正面信度產生模組150係用以將長句向量轉換模組130或短句向量轉換模組140所產生之向量VL, VS套入一正面情緒模型，以產生一正面信度Cp與一非正面信度Cnp。正面信度Cp與非正面信度Cnp即為正面信度產生模組150依據所提供之正面情緒模型對於文本Doc之預測結果。就一較佳實施例而言，正面情緒模型係一深度學習模型。此正面情緒模型係透過多個訓練文本反覆訓練而建立。 The positive reliability generation module 150 is used to integrate the vectors VL, VS generated by the long sentence vector conversion module 130 or the short sentence vector conversion module 140 into a positive emotion model to generate a positive reliability Cp and a negative Positive reliability Cnp. The positive reliability Cp and the non-positive reliability Cnp are the prediction results of the text Doc based on the positive emotion model provided by the positive reliability generation module 150. For a preferred embodiment, the positive emotion model is a deep learning model. This positive emotion model is established through repeated training of multiple training texts.

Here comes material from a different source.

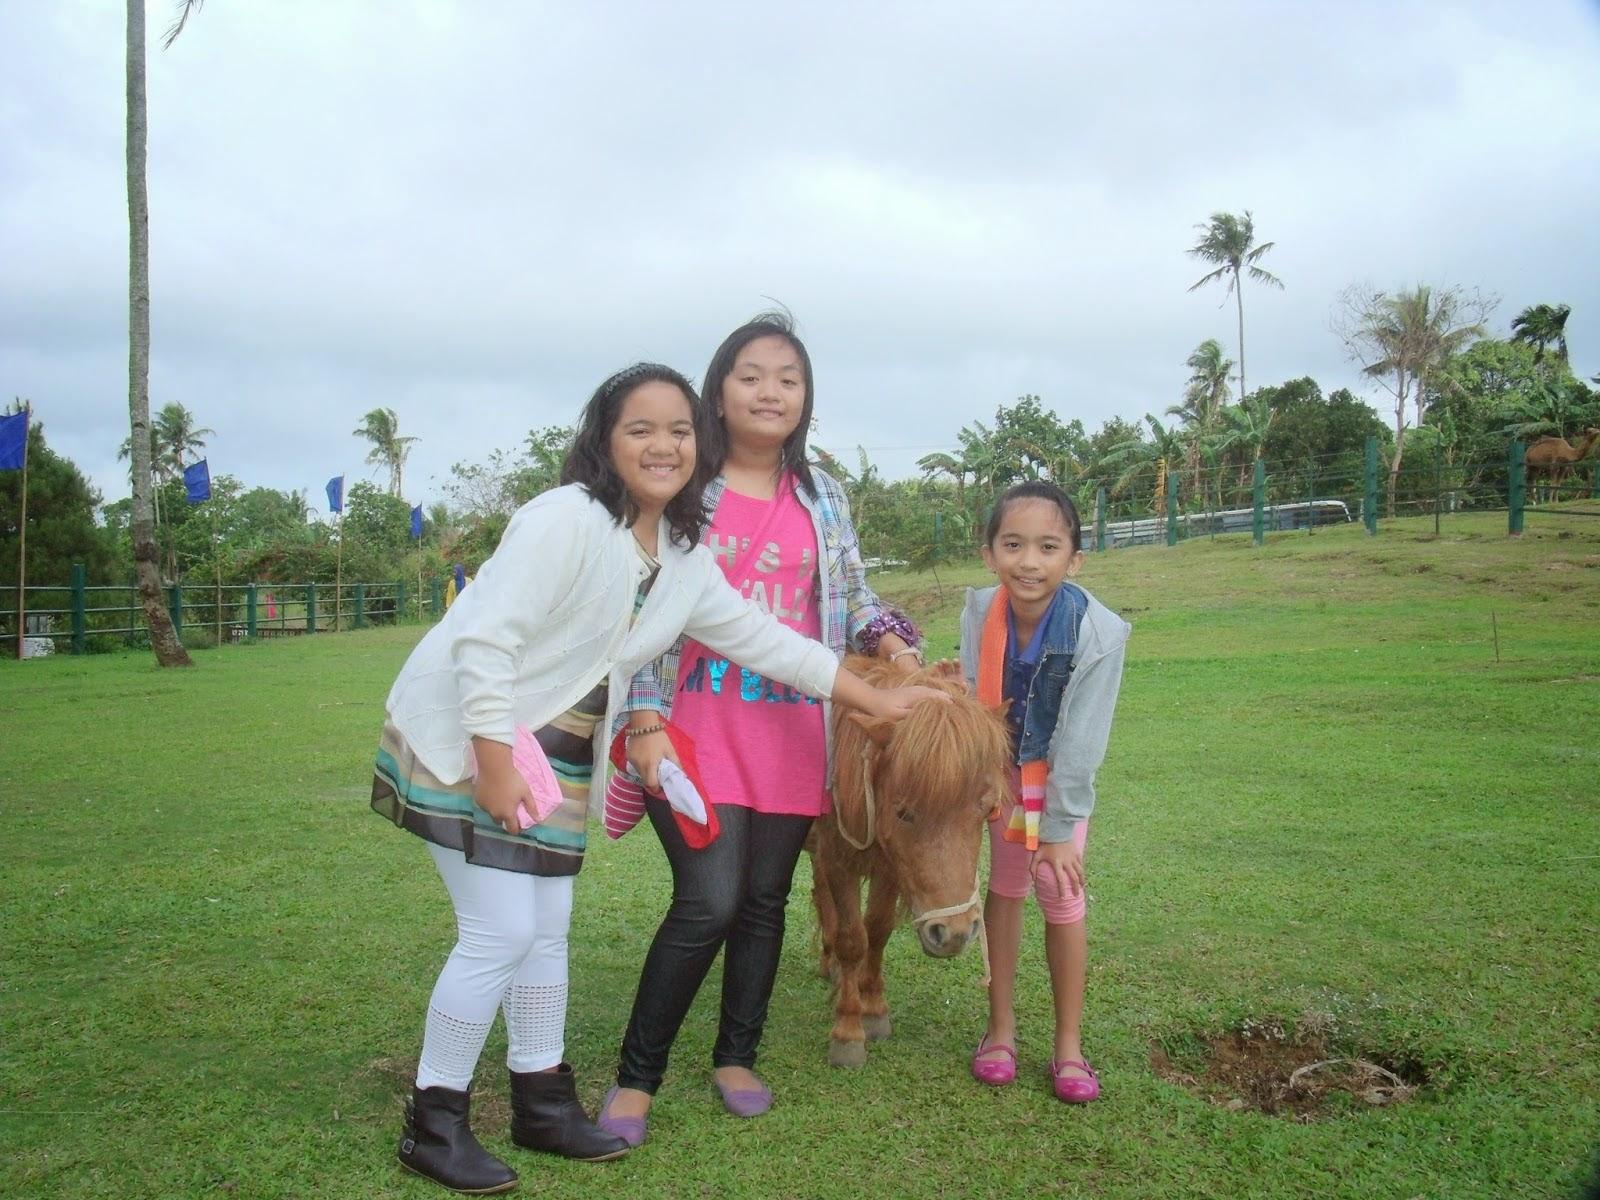 Paradizoo, Mendez, Cavite

負面信度產生模組160係用以將長句向量轉換模組130或短句向量轉換模組140所產生之向量VL,VS套入一負面情緒模型，以產生一負面信度Cn與一非負面信度Cnn。負面信度Cn與非負面信度Cnn即為負面信度產生模組160依據所提供之負面情緒模型對於文本Doc之預測結果。就一較佳實施例而言，此負面情緒模型係一深度學習模型。此面情緒模型係透過多個訓練文本反覆訓練而建立。 The negative reliability generation module 160 is used to integrate the vectors VL, VS generated by the long sentence vector conversion module 130 or the short sentence vector conversion module 140 into a negative emotion model to generate a negative reliability Cn and a non Negative reliability Cnn. The negative credibility Cn and the non-negative credibility Cnn are the prediction results of the text Doc based on the negative sentiment model provided by the negative credibility generating module 160. For a preferred embodiment, the negative emotion model is a deep learning model. This emotional model is established through repeated training of multiple training texts.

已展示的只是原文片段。